Your Clinical Processes Already Know Where AI Belongs. BPMN Just Can't Say It How healthcare organisations can use existing process assets to build a structured, safe, and paced path to agentic AI

Most healthcare AI transformation programmes start in the wrong place.

The typical conversation goes: which AI platform should we adopt? Should we pilot a chatbot? What about ambient documentation? Let's run a proof of concept and see what sticks.

Meanwhile, sitting in a process repository somewhere, is a BPMN diagram for patient preadmission. Another for prior authorisation. Another for clinical triage. Each one represents years of institutional knowledge -- every edge case handled, every compliance requirement codified, every exception path tested against real patients in real situations.

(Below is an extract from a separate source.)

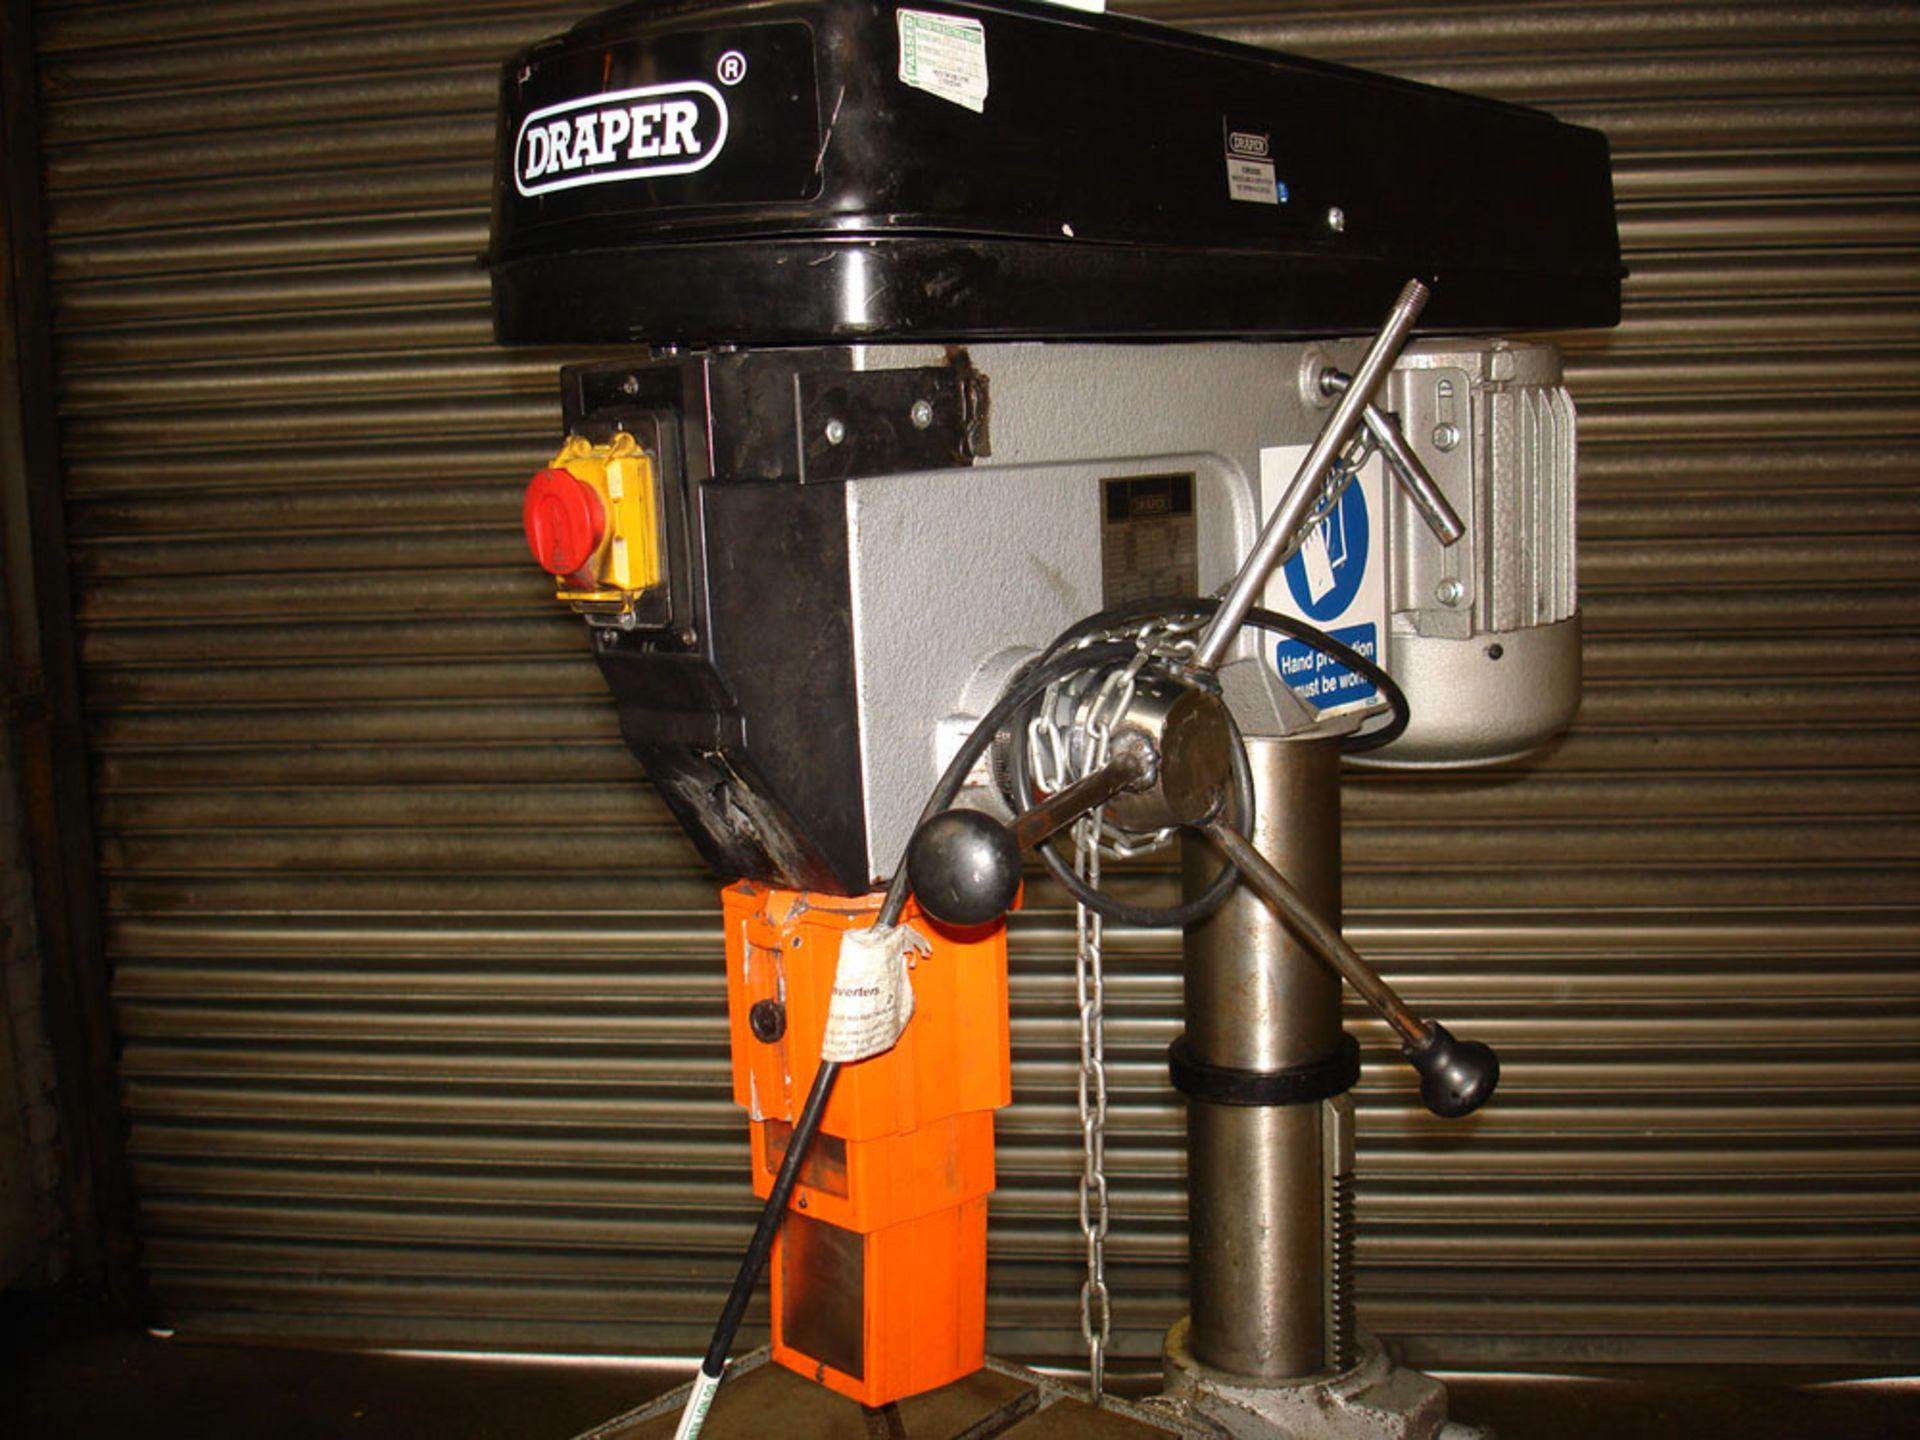 Draper Pillar Drill. Capacity 25 mm. 3 Morse Taper. - Image 2 of 5

That knowledge gets ignored. Organisations reinvent from scratch. Pilots fail or stay as pilots forever. The AI roadmap remains a whiteboard exercise.

There is a better way.


What BPMN Got Right

BPMN 2.0 is genuinely brilliant at describing how healthcare organisations work. It handles sequential care steps, parallel diagnostic workstreams, decision points based on clinical criteria, human tasks where a clinician must act, service tasks that call external systems, and exception handling when things go wrong.

Every major health system has BPMN or an equivalent. Appian, IBM BPM, and Pega are common in Australian and US health systems. The diagrams exist. They work. They are trusted.

The problem is not with BPMN. The problem is that BPMN was designed for a deterministic world, and AI agents are not deterministic.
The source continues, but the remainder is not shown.